Publisher: Penguin eBury Press
Pages: 288
Price: Rs. 225 INR(paperback)
ISBN: 978–0143454373
Buy here: https://amzn.to/31QLcha

My take on the book:

Crime in Bhopal city is at a record high; dead bodies of young boys less than five years, dressed as barbie dolls and encased are found in major spots in the city. As ASP Simone Singh goes on the trails of these dead bodies to find the perpetrator, infamously labelled by the media as ‘The Dollmaker’, an old serial killer ‘The Clipper’ resurfaces. The Clipper, who had been famous for past nine years for his horrific crimes, was upset with The Dollmaker hogging the limelight with just one incident. 

As both the serial killers compete to catch the city’s attention, more dead bodies surface, leaving Simone, her partner DSP Zoya, and their boss Irshad frustrated. Will the three be able to catch The Dollmaker and the Clipper before they wreak havoc in the city forms the rest of the story.

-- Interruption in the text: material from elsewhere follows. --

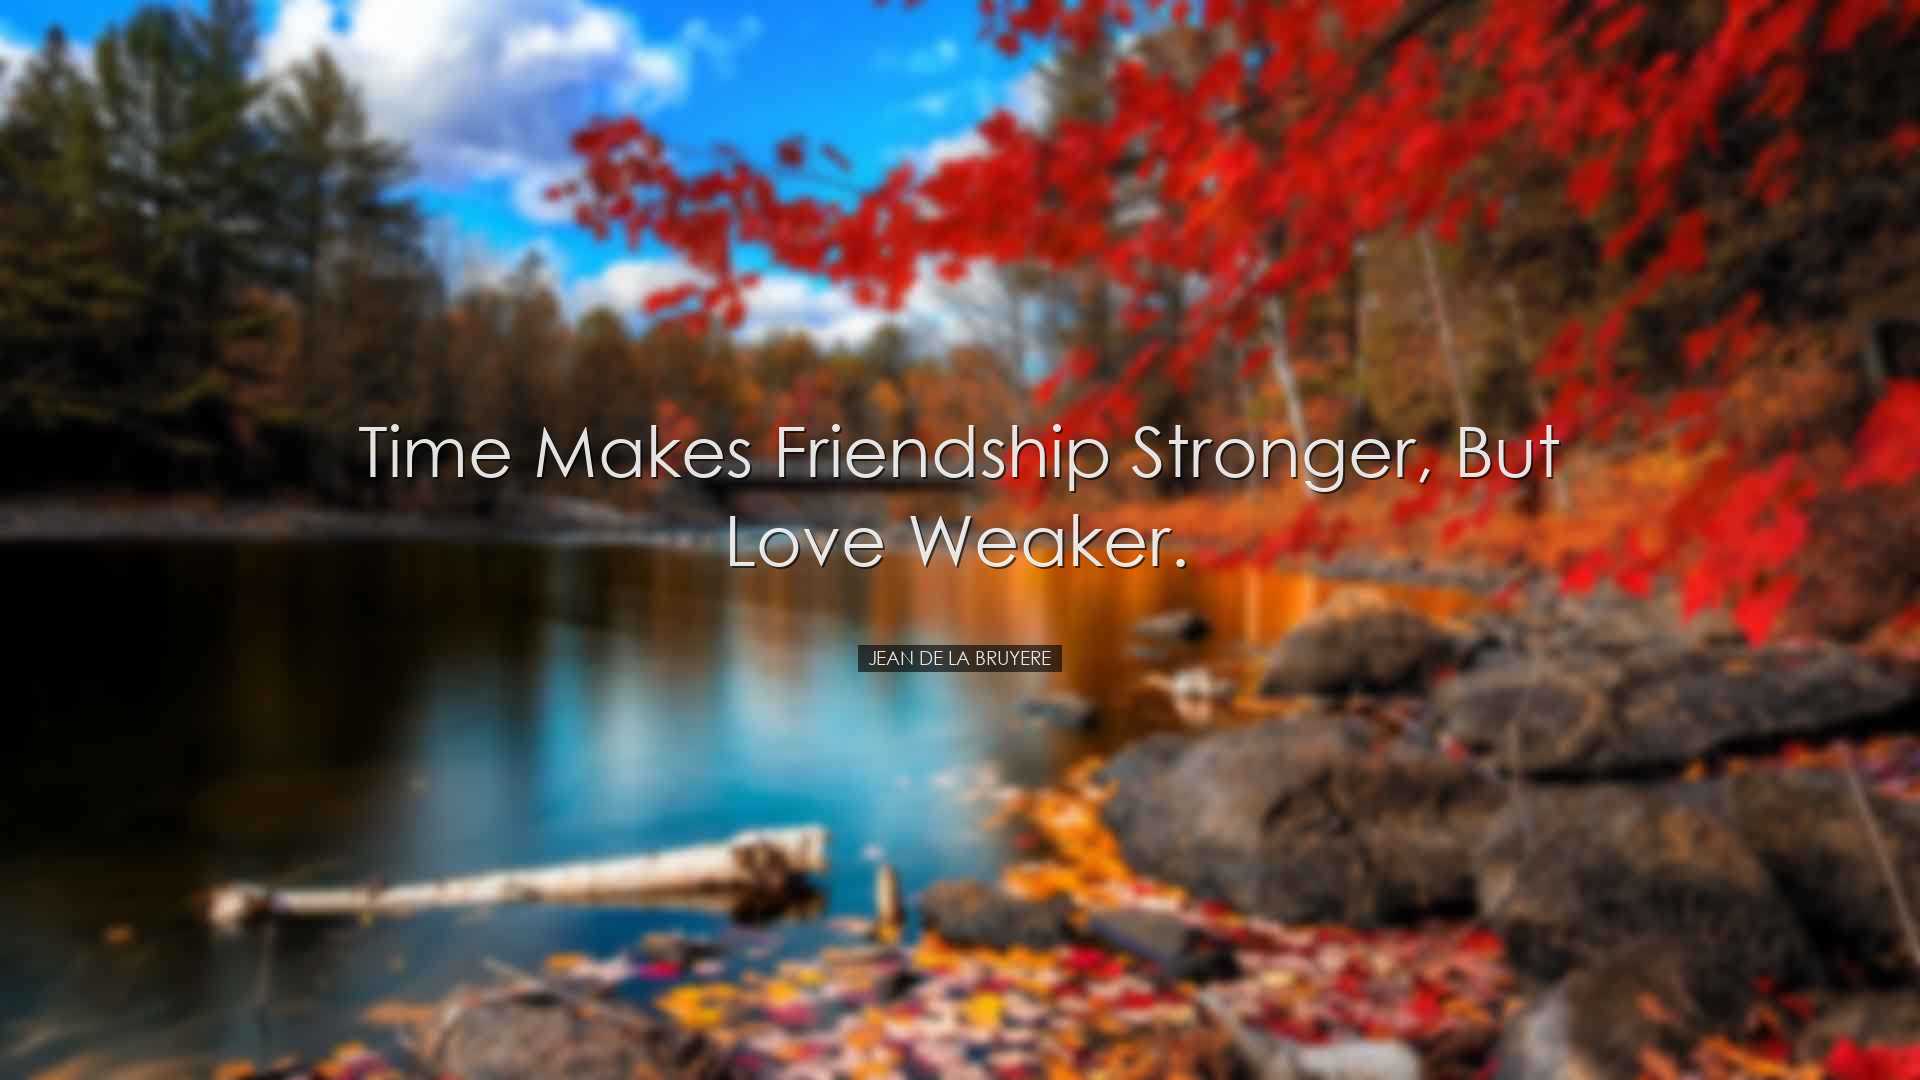 Time makes friendship stronger, but love weaker. - Jean de la Bruy

The story starts with murders by The Dollmaker and gets more interesting when The Clipper resurfaces. The theme of two serial killers with similar behavior patterns but different modus operands throwing challenges to the police makes for an unique theme. The first half of the story moves at break-neck speed with Simone and Zoya trying to pick clues to catch The Dollmaker. The entire story takes place in five days keeping pace of narration very racy.

The second half, especially towards the end, concentrates more on the antagonists, their backstories and narrates the story from their PoV. The author reveals the names and the techniques used by the Dollmaker and the Clipper very early on in the story to confuse the reader, as the reality of them is saved to the pre-climax portions. The reason behind the serial killings and the psyche of the antagonists is well related by the author to the abuse they are subjected to in their childhood. 

I personally could not relate to the intentions of the Clipper, so are few sequences in the second half, which lacked logic. The story starts in a blockbuster manner, and though it keeps the reader on edge till end, I would have liked a tighter narration in the second half. Simone and Zoya have interesting characterizations, especially Simone who is not a typical protagonist, but is a tough crime detective.  

The few hiccups in the second half aside, the book makes for an interesting read, especially for fans of thrillers. 

My rating:

4/5.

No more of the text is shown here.